All 88 seats in the Chamber of Deputies 45 seats needed for a majority
|  | First party | Second party |
| Leader | Naji Shawkat | Yasin al-Hashimi |
| Party | Government Bloc | HIW & allies |
| Last election | – | 13 |
| Seats won | 72 | 16 |
| Seat change | New | +3 |
| PM before election Naji Shawkat | Subsequent PM Rashid Ali al-Gaylani HIW |

= 1933 Iraqi parliamentary election =

Parliamentary elections were held in Iraq in 1933 to elect the members of the Chamber of Deputies. Although the Government Bloc led by incumbent Prime Minister Naji Shawkat won the most seats, it quickly disintegrated after the elections, allowing Rashid Ali al-Gaylani to become prime minister.

==Background==
Prime Minister Nuri al-Said submitted his resignation to King Faisal on 27 October 1932. The resignation was accepted on the following day. Faisal selected Naji Shawkat to form a new government on 3 November 1932. Although the resignation of al-Said was supposedly at his own behest, it was Faisal who had requested his resignation. He wished to reduce the influence of al-Said, who had established good relationships with the British government after signing the Anglo-Iraqi Treaty of 1930, as well as gaining support from the moderate opposition which opposed the treaty.

The government of Shawkat was seen as a compromise government that would achieve a balance between pro-British policies and opposition demands, and clear the political congestion caused by the signing the 1930 treaty. The new government sought to dissolve parliament (in which al-Said retained a majority) to calm the general public and limit al-Said's influence.

Al-Said tried to dissuade Naji Shawkat from dissolving parliament by promising his party's support for the Shawkat government. However, Faisal and the new prime minister were determined to press ahead and a royal decree was issued for that purpose on 8 November 1932. Al-Said tried to block the decision by instructing his party's deputies not to attend the parliamentary session in which the royal decree was to be announced, but that was not able to prevent the government and Faisal from proceeding in dissolving parliament on 8 October.

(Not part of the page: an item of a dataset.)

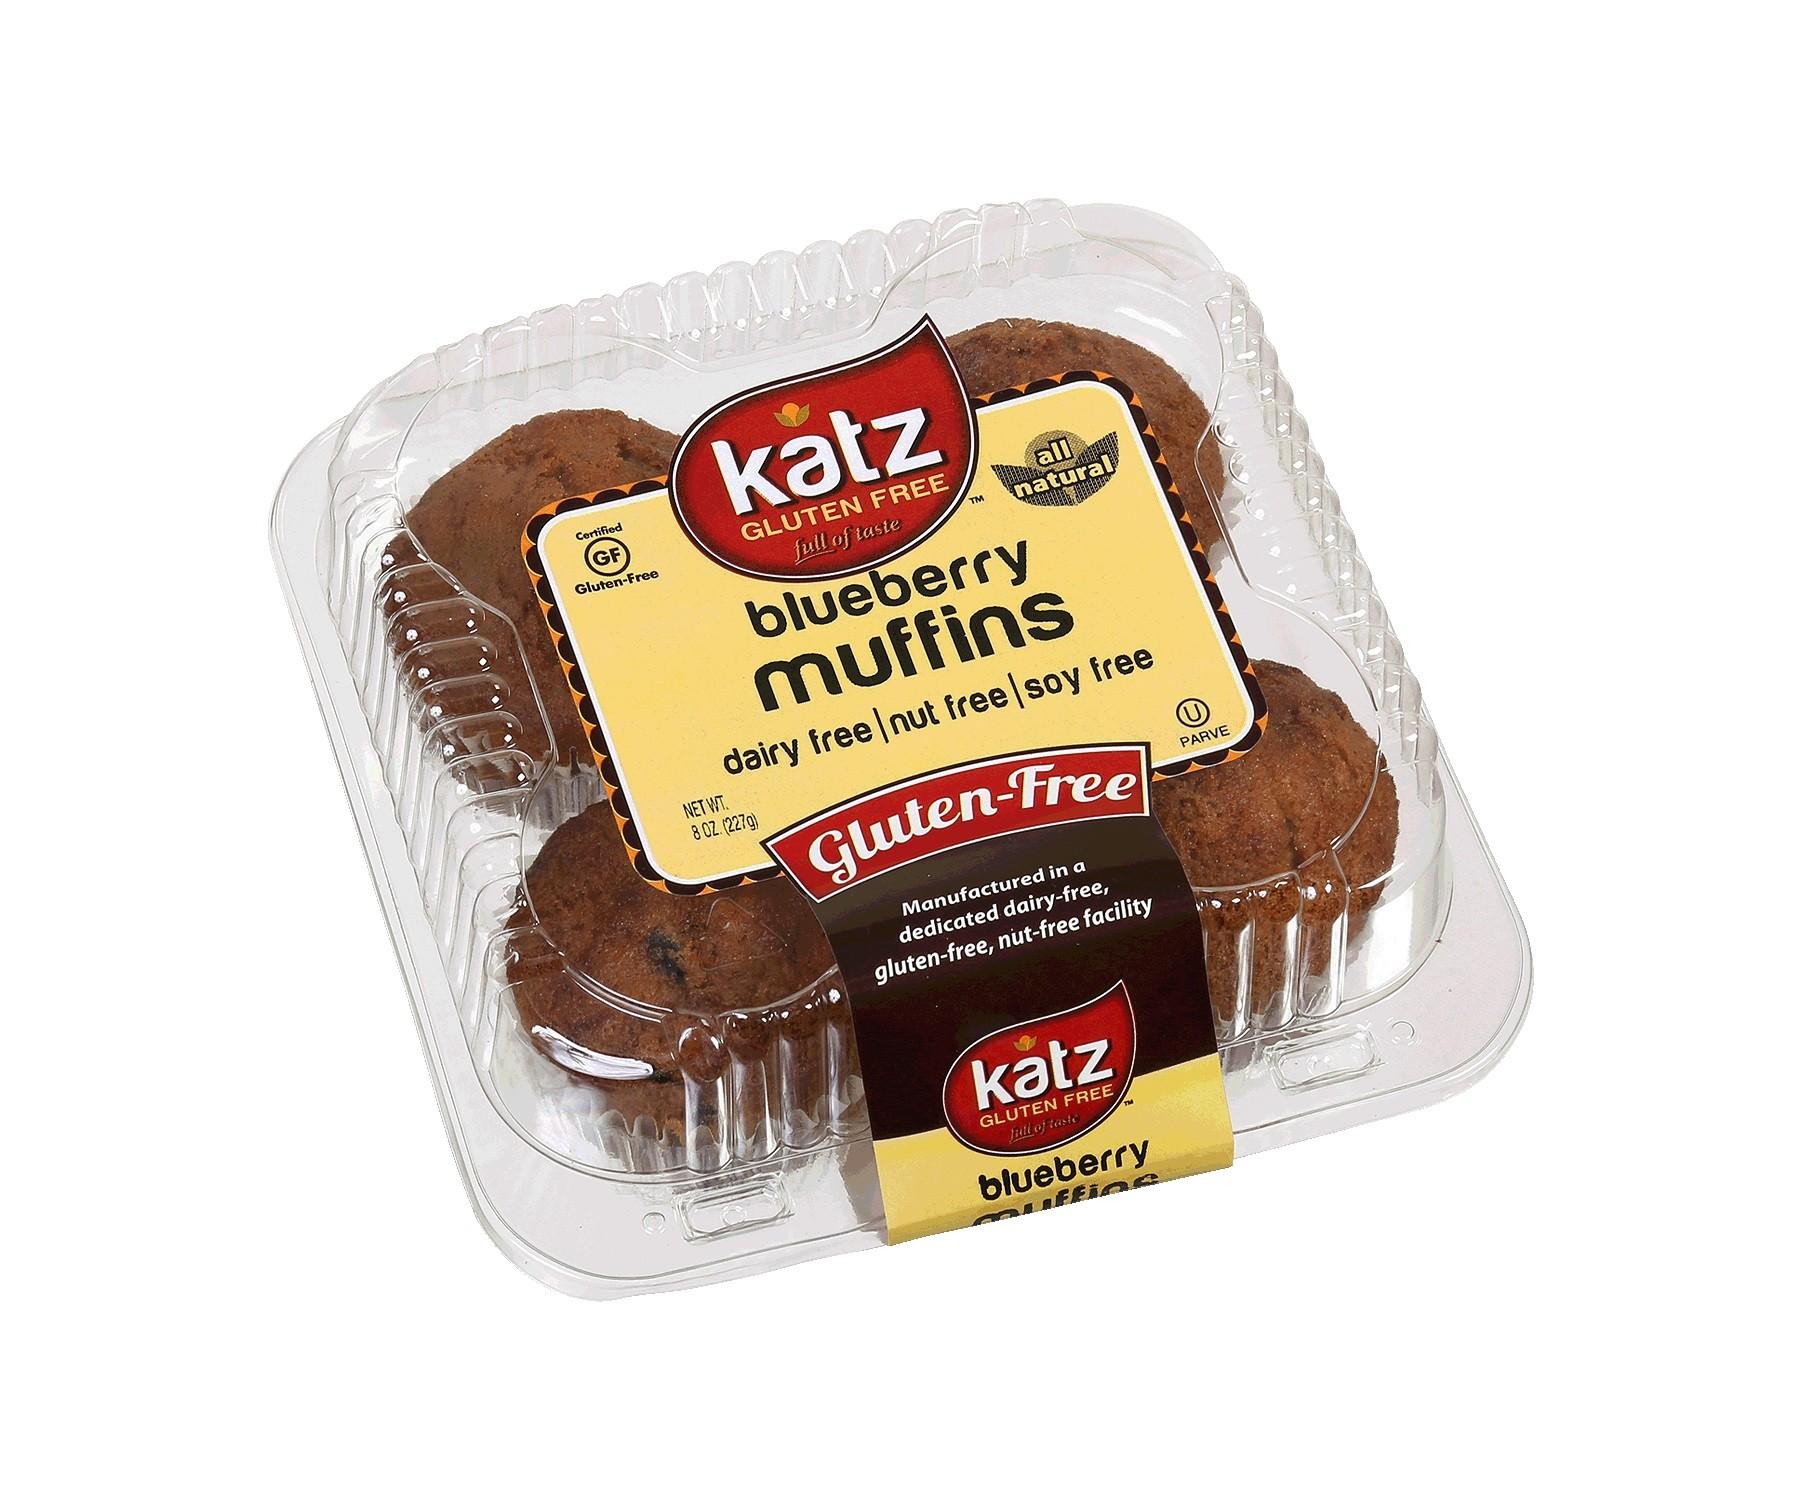 Katz Gluten Free Blueberry Muffins (Case of 6)

Al-Said subsequently held a meeting with his party's leadership on 10 October. The leadership issued a statement denouncing the dissolution and decided to send a memorandum to Faisal, claiming that the dissolution was illegitimate. Faisal tried to keep al-Said away from Iraq by appointing him as the country's representative to the League of Nations on 16 November 1932.

Shawkat's government had four months from the date of parliament's dissolution to hold new elections in accordance with article 40 of the constitution. Therefore, the government selected 10 December 1932 as the date for electing the secondary voters that would elect the new parliament deputies early in 1933.

==Results==
Shawkat's government did not have a formal party, but endorsed a list of independent candidates that came to be known as the "government bloc". This bloc won 72 of the 88 seats, however this majority did not hold as the bloc began to disintegrate after the parliament  convened on 8 March 1933. The National Brotherhood Party led by Yasin al-Hashimi and Rashid Ali al-Gaylani and members of the Iraqi National Party, led by Jafar Abu al-Temman participated in the elections as an opposition alliance, winning a minority of seats. Al-Said's Covenant party faded away.

==Aftermath==
After the elections, Shawkat tried to expand his government by including elements from the moderate opposition such as al-Hashimi and Hikmat Sulayman. However, he failed to do so as the opposition started to grow, and his parliamentary bloc started to disintegrate. He submitted his resignation to Faisal on 18 March 1933, which was accepted. Faisal subsequently chose al-Gaylani on 20 March to form a new government.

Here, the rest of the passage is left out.